| WHAT IS BEING ASKED |
A complete answer retypes each of the records below precisely and includes none of the pictures.

| INPUT |
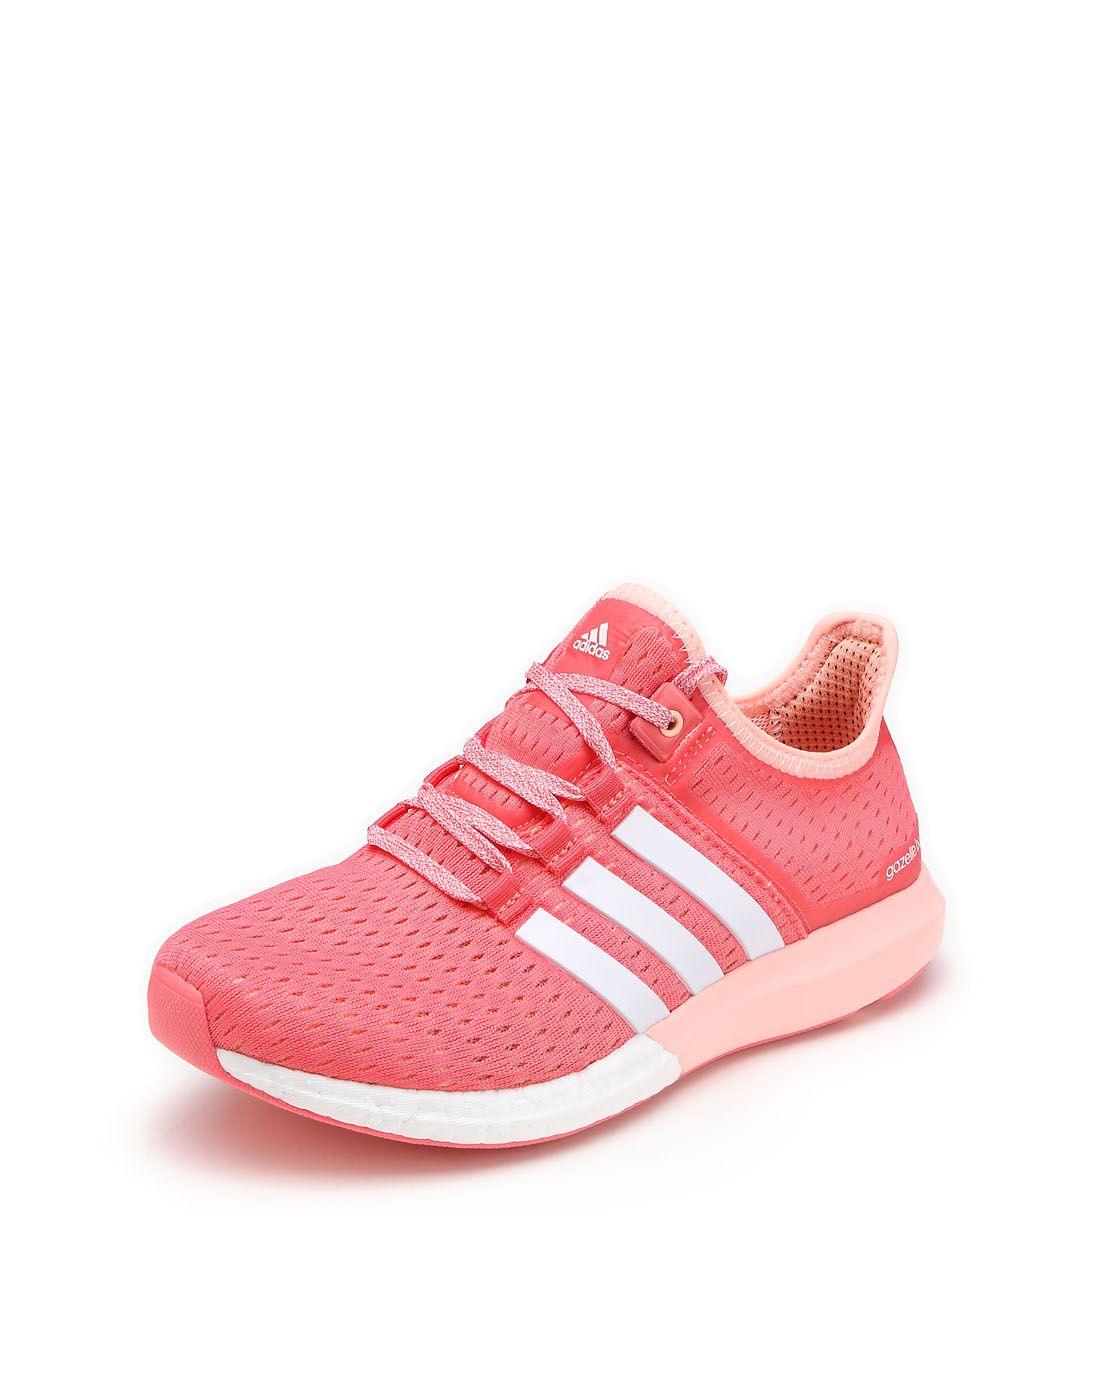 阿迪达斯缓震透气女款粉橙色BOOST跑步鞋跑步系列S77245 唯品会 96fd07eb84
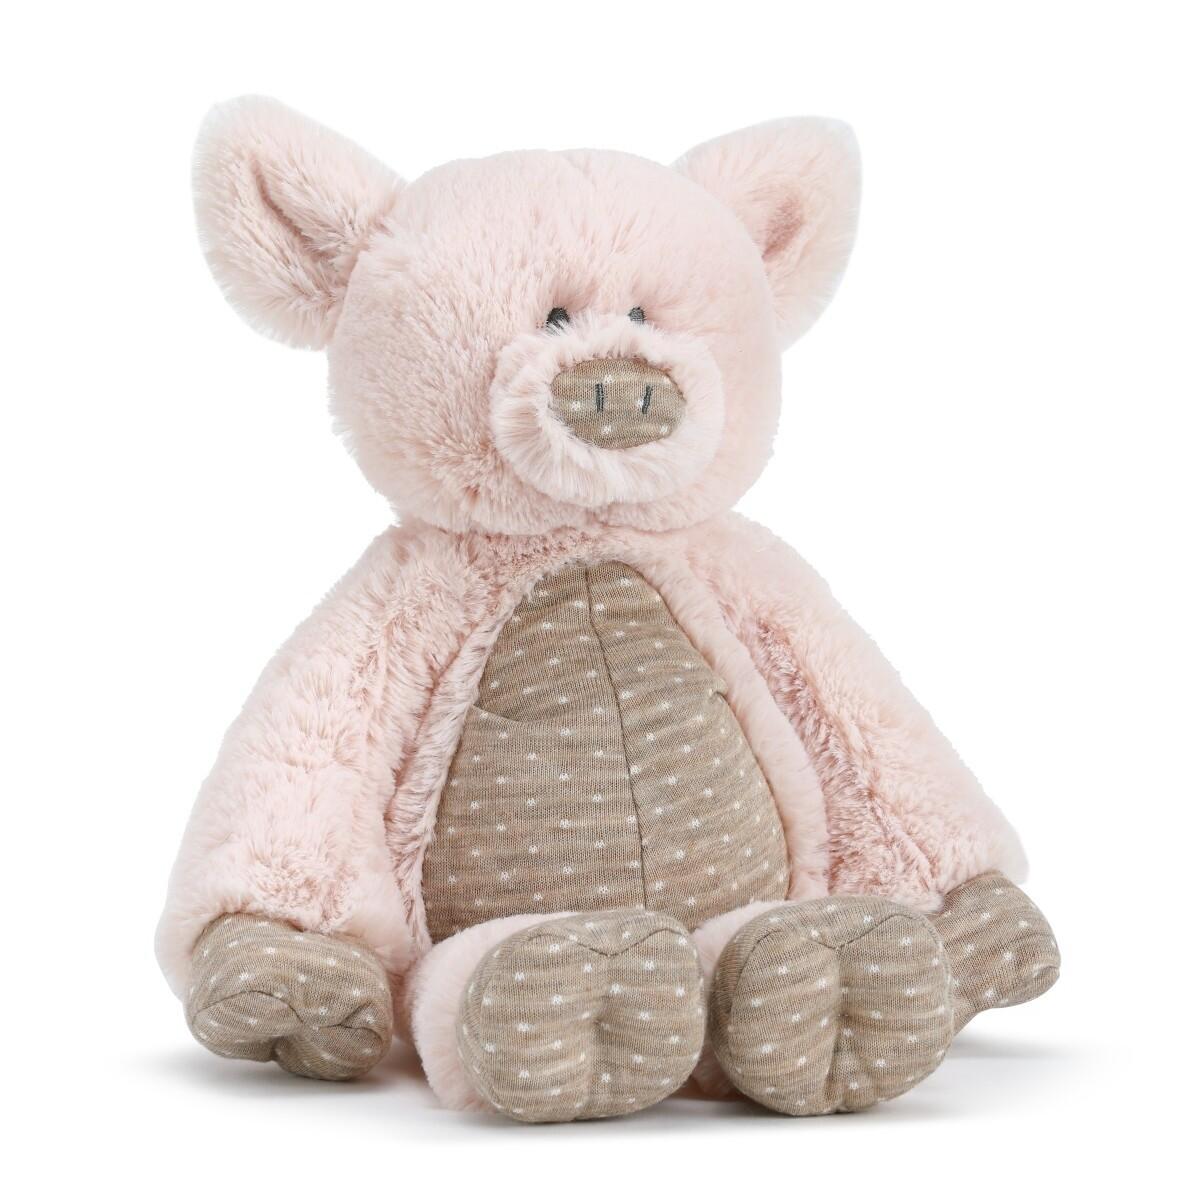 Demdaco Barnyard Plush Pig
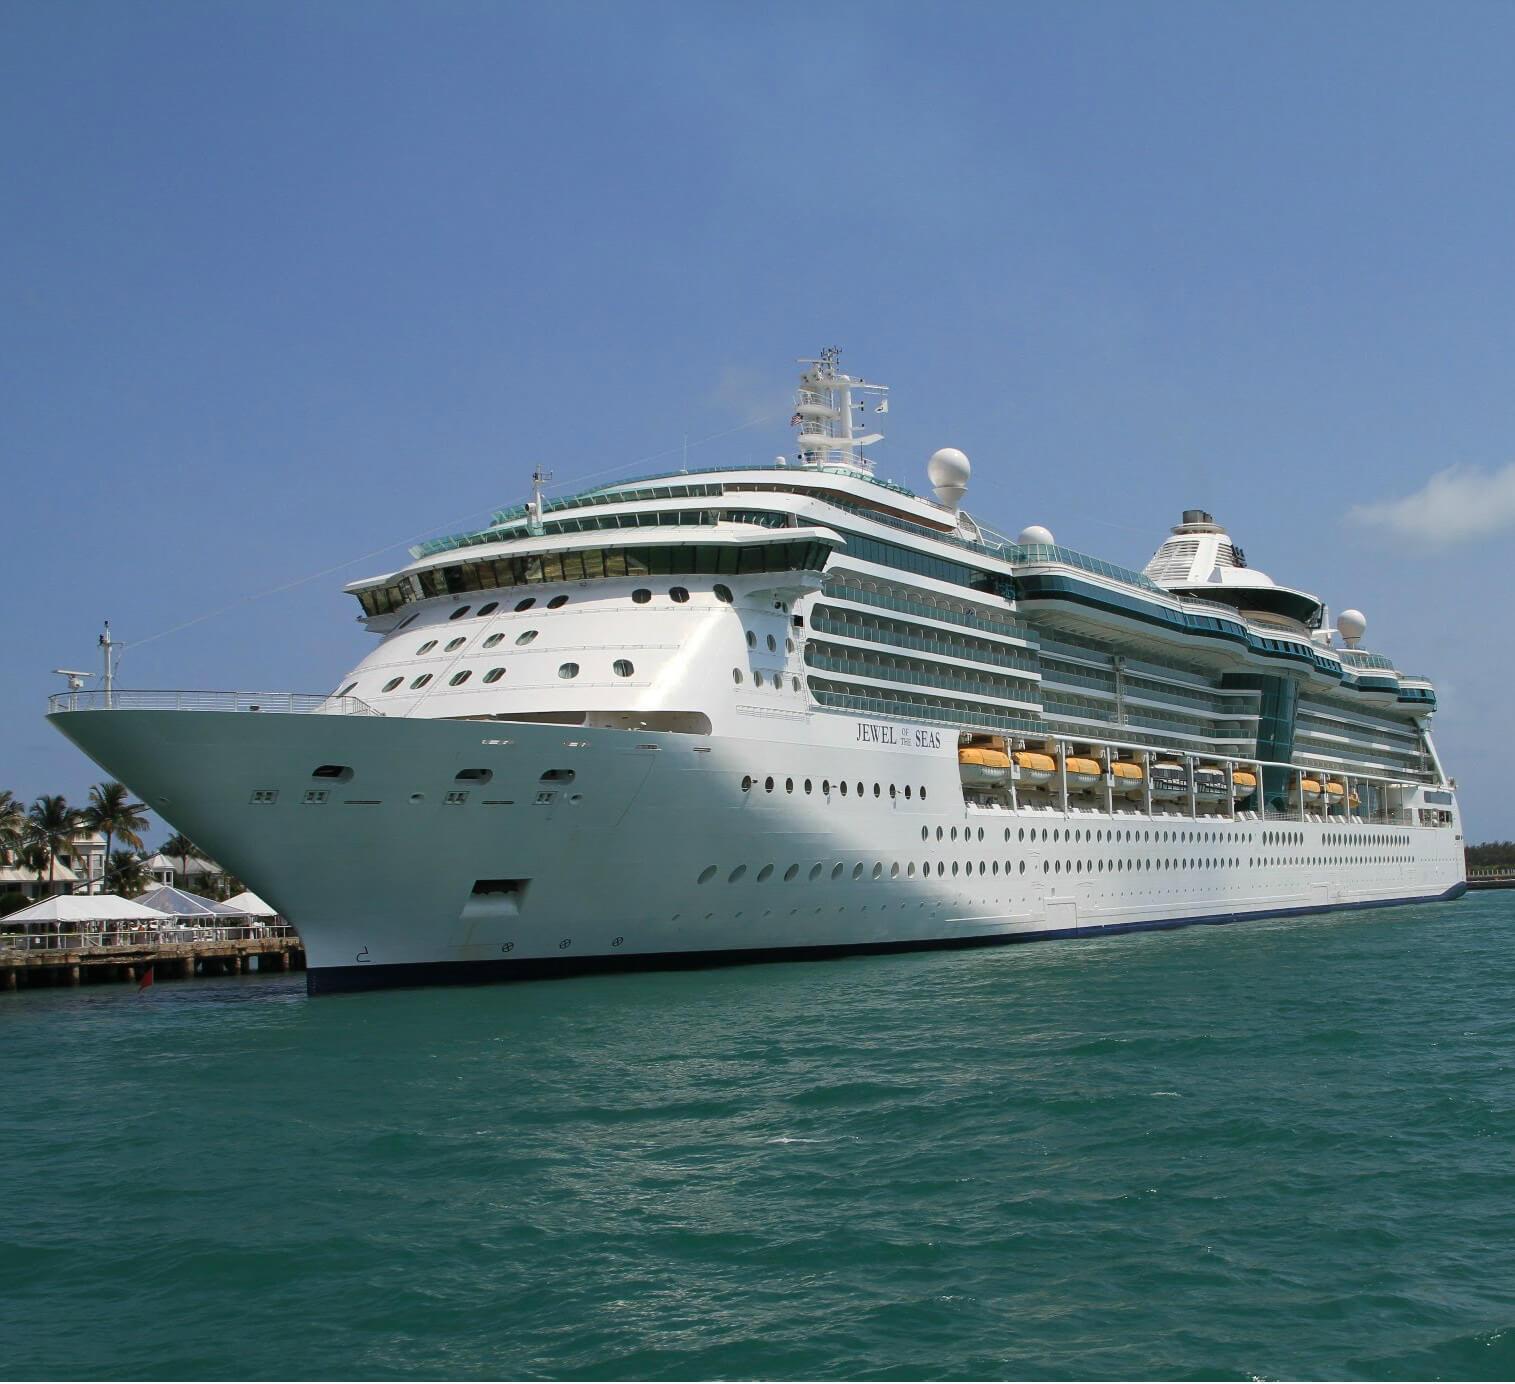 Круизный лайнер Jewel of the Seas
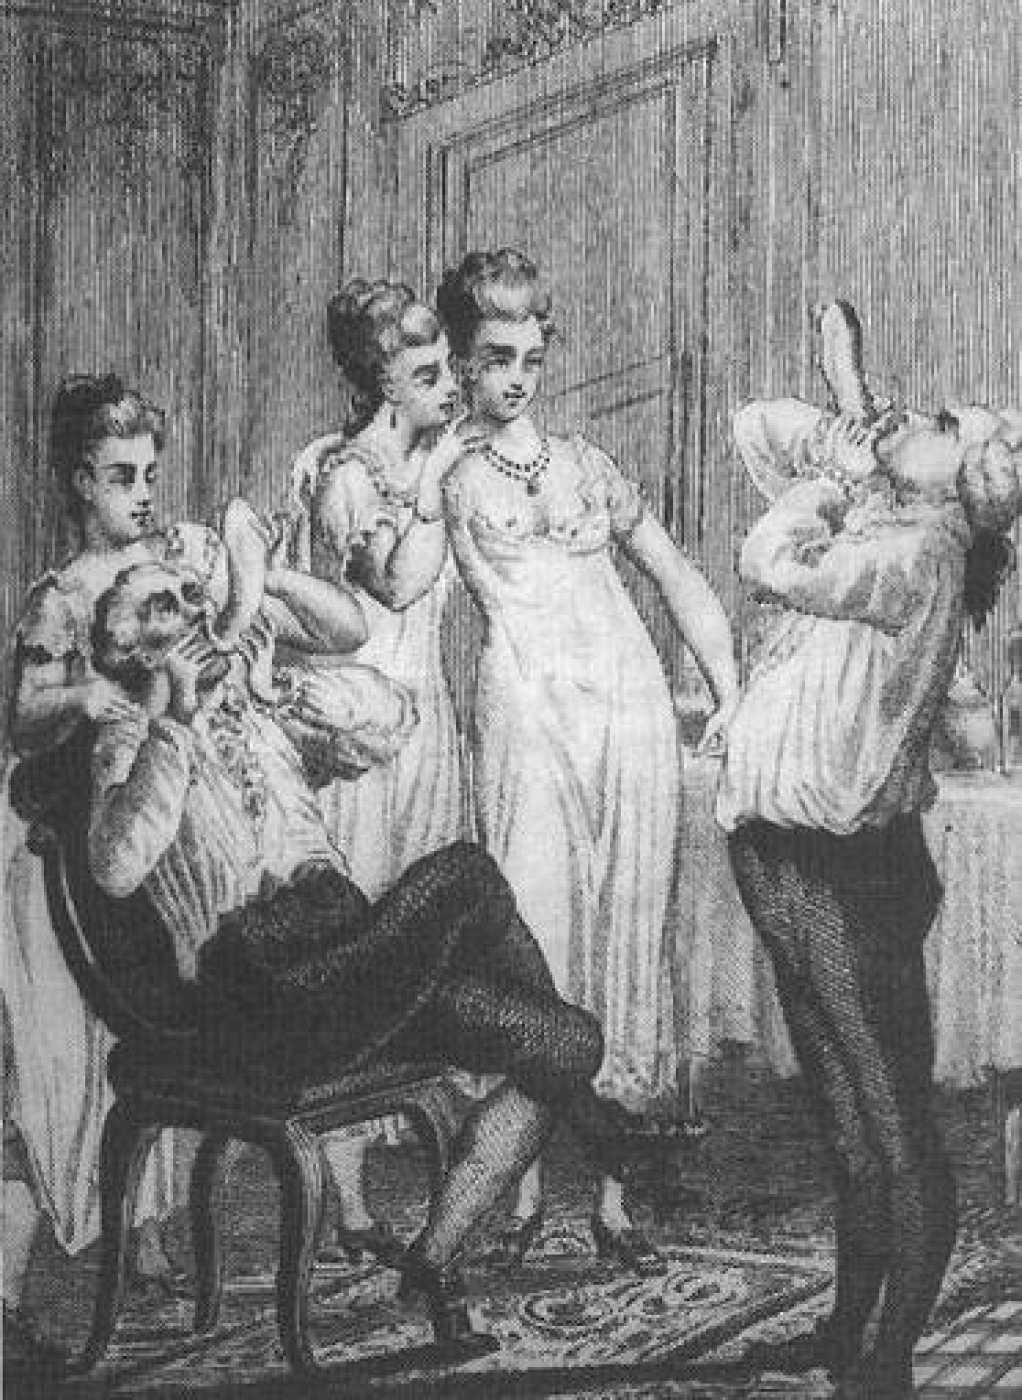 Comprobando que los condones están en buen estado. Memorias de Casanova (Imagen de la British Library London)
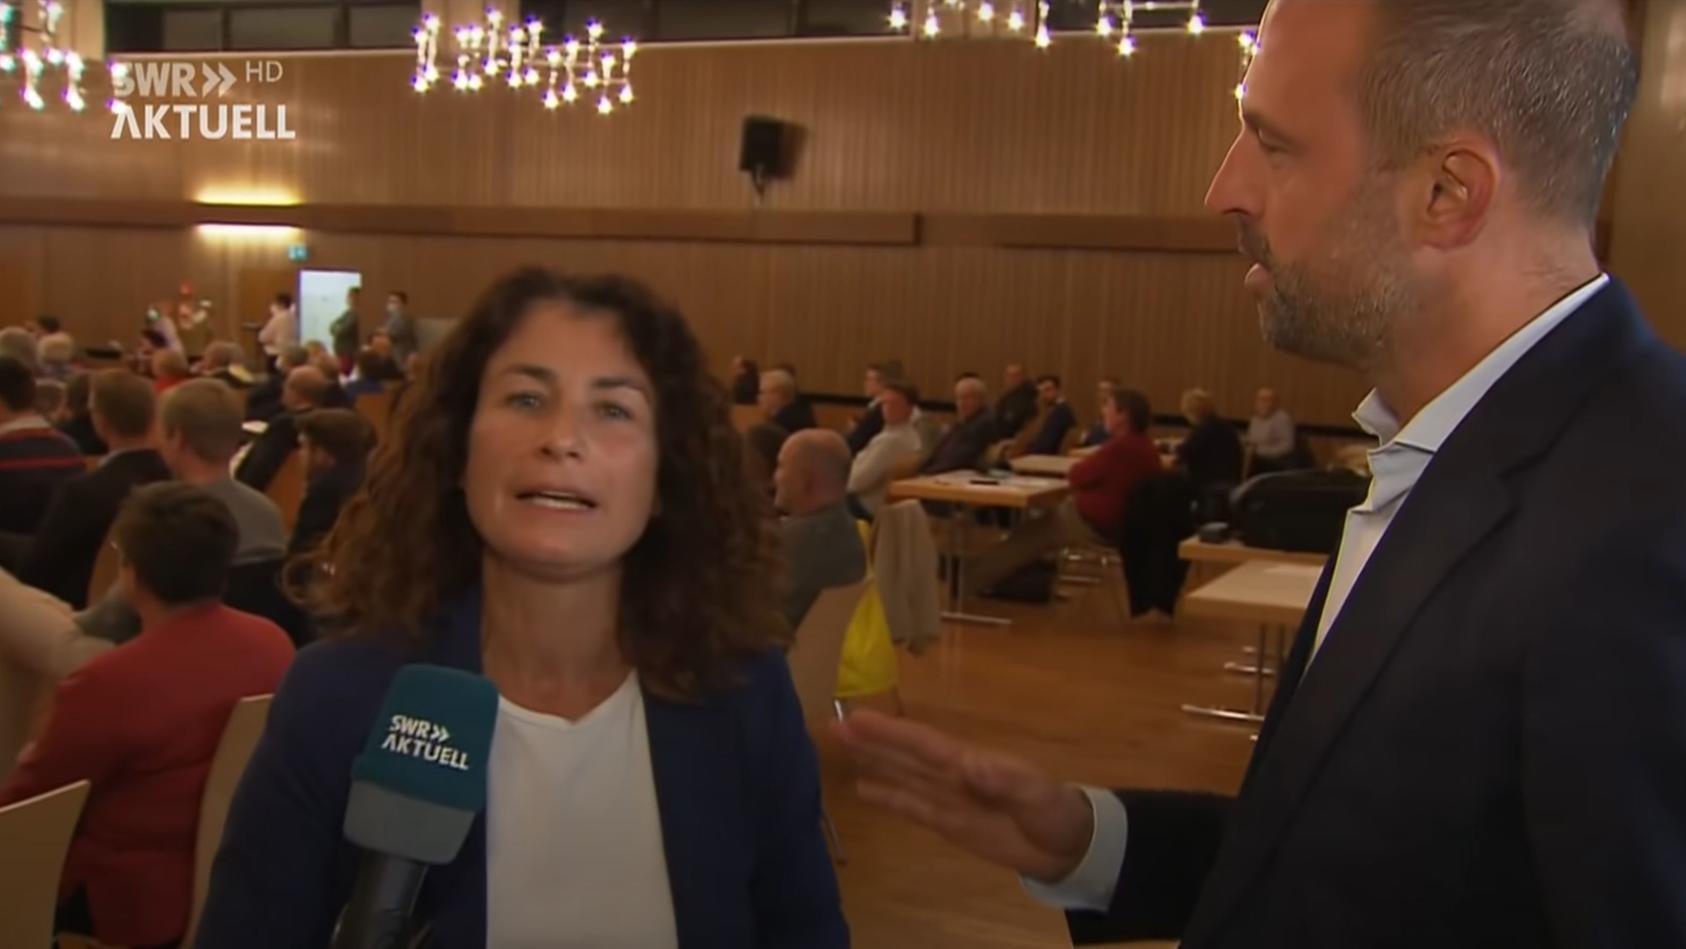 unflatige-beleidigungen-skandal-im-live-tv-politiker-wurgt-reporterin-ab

| ANSWER TO THIS EXERCISE |
 阿迪达斯缓震透气女款粉橙色BOOST跑步鞋跑步系列S77245 唯品会 96fd07eb84
 Demdaco Barnyard Plush Pig
 Круизный лайнер Jewel of the Seas
 Comprobando que los condones están en buen estado. Memorias de Casanova (Imagen de la British Library London)
 unflatige-beleidigungen-skandal-im-live-tv-politiker-wurgt-reporterin-ab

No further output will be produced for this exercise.